What this task involves:
Write the entries below out again in full. Match every character.

Supplied entries:
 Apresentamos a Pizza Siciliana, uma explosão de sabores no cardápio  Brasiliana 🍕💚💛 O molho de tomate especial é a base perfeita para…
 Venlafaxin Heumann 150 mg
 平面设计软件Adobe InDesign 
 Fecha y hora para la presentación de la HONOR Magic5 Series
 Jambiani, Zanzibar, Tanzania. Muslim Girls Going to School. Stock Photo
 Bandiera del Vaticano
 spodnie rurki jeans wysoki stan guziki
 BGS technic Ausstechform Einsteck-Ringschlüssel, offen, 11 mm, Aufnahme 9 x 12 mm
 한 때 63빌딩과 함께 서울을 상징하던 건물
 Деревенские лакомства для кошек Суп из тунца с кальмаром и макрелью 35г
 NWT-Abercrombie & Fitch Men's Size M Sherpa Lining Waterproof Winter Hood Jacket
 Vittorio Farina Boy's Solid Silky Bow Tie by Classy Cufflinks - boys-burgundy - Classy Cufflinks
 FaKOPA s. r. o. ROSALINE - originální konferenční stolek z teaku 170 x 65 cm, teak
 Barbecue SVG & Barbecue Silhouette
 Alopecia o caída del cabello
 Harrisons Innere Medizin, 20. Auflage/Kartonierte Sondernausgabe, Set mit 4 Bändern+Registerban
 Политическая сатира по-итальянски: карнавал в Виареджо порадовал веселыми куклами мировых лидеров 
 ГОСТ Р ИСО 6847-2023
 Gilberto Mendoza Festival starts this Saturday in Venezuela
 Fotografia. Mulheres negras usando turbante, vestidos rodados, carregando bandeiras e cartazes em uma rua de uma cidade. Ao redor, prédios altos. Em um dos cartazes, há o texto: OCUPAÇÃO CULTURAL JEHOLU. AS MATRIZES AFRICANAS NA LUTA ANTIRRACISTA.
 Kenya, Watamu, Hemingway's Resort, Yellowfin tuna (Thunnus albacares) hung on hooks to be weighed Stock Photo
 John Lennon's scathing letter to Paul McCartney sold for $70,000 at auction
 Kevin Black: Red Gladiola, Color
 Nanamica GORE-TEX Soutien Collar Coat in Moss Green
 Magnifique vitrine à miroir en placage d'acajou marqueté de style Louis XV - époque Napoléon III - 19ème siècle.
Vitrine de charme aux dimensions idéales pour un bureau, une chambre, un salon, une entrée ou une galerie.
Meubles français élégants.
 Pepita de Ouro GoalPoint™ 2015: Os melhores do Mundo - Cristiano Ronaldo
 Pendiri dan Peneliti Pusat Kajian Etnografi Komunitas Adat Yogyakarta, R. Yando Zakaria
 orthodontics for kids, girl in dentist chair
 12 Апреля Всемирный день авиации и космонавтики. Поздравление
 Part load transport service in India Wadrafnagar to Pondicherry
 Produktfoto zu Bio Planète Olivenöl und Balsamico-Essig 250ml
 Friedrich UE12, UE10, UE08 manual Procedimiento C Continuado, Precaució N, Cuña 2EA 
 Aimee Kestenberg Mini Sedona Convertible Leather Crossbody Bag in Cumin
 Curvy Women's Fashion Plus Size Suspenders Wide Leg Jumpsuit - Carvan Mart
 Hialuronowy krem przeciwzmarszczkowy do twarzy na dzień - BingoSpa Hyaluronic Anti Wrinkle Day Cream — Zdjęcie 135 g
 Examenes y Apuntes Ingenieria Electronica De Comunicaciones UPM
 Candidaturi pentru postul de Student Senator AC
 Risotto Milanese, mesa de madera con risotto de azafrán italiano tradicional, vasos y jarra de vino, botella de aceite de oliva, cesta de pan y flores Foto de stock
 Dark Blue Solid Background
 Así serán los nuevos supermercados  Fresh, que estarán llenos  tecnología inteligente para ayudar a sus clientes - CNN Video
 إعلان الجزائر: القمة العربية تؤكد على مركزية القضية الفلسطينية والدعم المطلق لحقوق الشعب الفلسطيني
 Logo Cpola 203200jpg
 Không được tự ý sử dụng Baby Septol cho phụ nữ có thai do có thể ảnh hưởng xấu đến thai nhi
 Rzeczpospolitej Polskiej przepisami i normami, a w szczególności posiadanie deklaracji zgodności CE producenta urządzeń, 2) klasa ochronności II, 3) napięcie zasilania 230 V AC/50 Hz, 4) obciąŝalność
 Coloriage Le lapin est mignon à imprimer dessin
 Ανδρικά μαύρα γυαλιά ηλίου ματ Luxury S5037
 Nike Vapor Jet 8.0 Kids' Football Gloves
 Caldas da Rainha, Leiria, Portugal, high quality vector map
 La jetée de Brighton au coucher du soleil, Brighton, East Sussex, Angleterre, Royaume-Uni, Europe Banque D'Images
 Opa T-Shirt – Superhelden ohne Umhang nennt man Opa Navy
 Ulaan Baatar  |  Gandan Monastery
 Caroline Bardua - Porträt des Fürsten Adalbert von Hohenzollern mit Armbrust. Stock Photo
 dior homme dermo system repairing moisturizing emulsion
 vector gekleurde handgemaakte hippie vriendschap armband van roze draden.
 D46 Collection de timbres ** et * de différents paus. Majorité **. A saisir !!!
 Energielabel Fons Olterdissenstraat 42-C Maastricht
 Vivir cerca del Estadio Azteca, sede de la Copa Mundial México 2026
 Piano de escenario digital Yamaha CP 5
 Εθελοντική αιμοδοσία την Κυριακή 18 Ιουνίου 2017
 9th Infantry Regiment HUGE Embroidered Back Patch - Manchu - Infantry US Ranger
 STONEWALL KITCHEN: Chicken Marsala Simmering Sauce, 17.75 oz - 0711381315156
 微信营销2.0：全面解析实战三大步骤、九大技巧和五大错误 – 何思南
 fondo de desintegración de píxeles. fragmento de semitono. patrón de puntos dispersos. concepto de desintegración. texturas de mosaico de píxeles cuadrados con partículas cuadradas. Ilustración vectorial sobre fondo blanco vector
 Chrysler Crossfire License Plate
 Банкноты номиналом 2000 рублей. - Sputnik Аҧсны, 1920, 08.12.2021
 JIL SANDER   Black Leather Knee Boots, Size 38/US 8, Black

Answer for the task:
 Apresentamos a Pizza Siciliana, uma explosão de sabores no cardápio  Brasiliana 🍕💚💛 O molho de tomate especial é a base perfeita para…
 Venlafaxin Heumann 150 mg
 平面设计软件Adobe InDesign 
 Fecha y hora para la presentación de la HONOR Magic5 Series
 Jambiani, Zanzibar, Tanzania. Muslim Girls Going to School. Stock Photo
 Bandiera del Vaticano
 spodnie rurki jeans wysoki stan guziki
 BGS technic Ausstechform Einsteck-Ringschlüssel, offen, 11 mm, Aufnahme 9 x 12 mm
 한 때 63빌딩과 함께 서울을 상징하던 건물
 Деревенские лакомства для кошек Суп из тунца с кальмаром и макрелью 35г
 NWT-Abercrombie & Fitch Men's Size M Sherpa Lining Waterproof Winter Hood Jacket
 Vittorio Farina Boy's Solid Silky Bow Tie by Classy Cufflinks - boys-burgundy - Classy Cufflinks
 FaKOPA s. r. o. ROSALINE - originální konferenční stolek z teaku 170 x 65 cm, teak
 Barbecue SVG & Barbecue Silhouette
 Alopecia o caída del cabello
 Harrisons Innere Medizin, 20. Auflage/Kartonierte Sondernausgabe, Set mit 4 Bändern+Registerban
 Политическая сатира по-итальянски: карнавал в Виареджо порадовал веселыми куклами мировых лидеров 
 ГОСТ Р ИСО 6847-2023
 Gilberto Mendoza Festival starts this Saturday in Venezuela
 Fotografia. Mulheres negras usando turbante, vestidos rodados, carregando bandeiras e cartazes em uma rua de uma cidade. Ao redor, prédios altos. Em um dos cartazes, há o texto: OCUPAÇÃO CULTURAL JEHOLU. AS MATRIZES AFRICANAS NA LUTA ANTIRRACISTA.
 Kenya, Watamu, Hemingway's Resort, Yellowfin tuna (Thunnus albacares) hung on hooks to be weighed Stock Photo
 John Lennon's scathing letter to Paul McCartney sold for $70,000 at auction
 Kevin Black: Red Gladiola, Color
 Nanamica GORE-TEX Soutien Collar Coat in Moss Green
 Magnifique vitrine à miroir en placage d'acajou marqueté de style Louis XV - époque Napoléon III - 19ème siècle.
Vitrine de charme aux dimensions idéales pour un bureau, une chambre, un salon, une entrée ou une galerie.
Meubles français élégants.
 Pepita de Ouro GoalPoint™ 2015: Os melhores do Mundo - Cristiano Ronaldo
 Pendiri dan Peneliti Pusat Kajian Etnografi Komunitas Adat Yogyakarta, R. Yando Zakaria
 orthodontics for kids, girl in dentist chair
 12 Апреля Всемирный день авиации и космонавтики. Поздравление
 Part load transport service in India Wadrafnagar to Pondicherry
 Produktfoto zu Bio Planète Olivenöl und Balsamico-Essig 250ml
 Friedrich UE12, UE10, UE08 manual Procedimiento C Continuado, Precaució N, Cuña 2EA 
 Aimee Kestenberg Mini Sedona Convertible Leather Crossbody Bag in Cumin
 Curvy Women's Fashion Plus Size Suspenders Wide Leg Jumpsuit - Carvan Mart
 Hialuronowy krem przeciwzmarszczkowy do twarzy na dzień - BingoSpa Hyaluronic Anti Wrinkle Day Cream — Zdjęcie 135 g
 Examenes y Apuntes Ingenieria Electronica De Comunicaciones UPM
 Candidaturi pentru postul de Student Senator AC
 Risotto Milanese, mesa de madera con risotto de azafrán italiano tradicional, vasos y jarra de vino, botella de aceite de oliva, cesta de pan y flores Foto de stock
 Dark Blue Solid Background
 Así serán los nuevos supermercados  Fresh, que estarán llenos  tecnología inteligente para ayudar a sus clientes - CNN Video
 إعلان الجزائر: القمة العربية تؤكد على مركزية القضية الفلسطينية والدعم المطلق لحقوق الشعب الفلسطيني
 Logo Cpola 203200jpg
 Không được tự ý sử dụng Baby Septol cho phụ nữ có thai do có thể ảnh hưởng xấu đến thai nhi
 Rzeczpospolitej Polskiej przepisami i normami, a w szczególności posiadanie deklaracji zgodności CE producenta urządzeń, 2) klasa ochronności II, 3) napięcie zasilania 230 V AC/50 Hz, 4) obciąŝalność
 Coloriage Le lapin est mignon à imprimer dessin
 Ανδρικά μαύρα γυαλιά ηλίου ματ Luxury S5037
 Nike Vapor Jet 8.0 Kids' Football Gloves
 Caldas da Rainha, Leiria, Portugal, high quality vector map
 La jetée de Brighton au coucher du soleil, Brighton, East Sussex, Angleterre, Royaume-Uni, Europe Banque D'Images
 Opa T-Shirt – Superhelden ohne Umhang nennt man Opa Navy
 Ulaan Baatar  |  Gandan Monastery
 Caroline Bardua - Porträt des Fürsten Adalbert von Hohenzollern mit Armbrust. Stock Photo
 dior homme dermo system repairing moisturizing emulsion
 vector gekleurde handgemaakte hippie vriendschap armband van roze draden.
 D46 Collection de timbres ** et * de différents paus. Majorité **. A saisir !!!
 Energielabel Fons Olterdissenstraat 42-C Maastricht
 Vivir cerca del Estadio Azteca, sede de la Copa Mundial México 2026
 Piano de escenario digital Yamaha CP 5
 Εθελοντική αιμοδοσία την Κυριακή 18 Ιουνίου 2017
 9th Infantry Regiment HUGE Embroidered Back Patch - Manchu - Infantry US Ranger
 STONEWALL KITCHEN: Chicken Marsala Simmering Sauce, 17.75 oz - 0711381315156
 微信营销2.0：全面解析实战三大步骤、九大技巧和五大错误 – 何思南
 fondo de desintegración de píxeles. fragmento de semitono. patrón de puntos dispersos. concepto de desintegración. texturas de mosaico de píxeles cuadrados con partículas cuadradas. Ilustración vectorial sobre fondo blanco vector
 Chrysler Crossfire License Plate
 Банкноты номиналом 2000 рублей. - Sputnik Аҧсны, 1920, 08.12.2021
 JIL SANDER   Black Leather Knee Boots, Size 38/US 8, Black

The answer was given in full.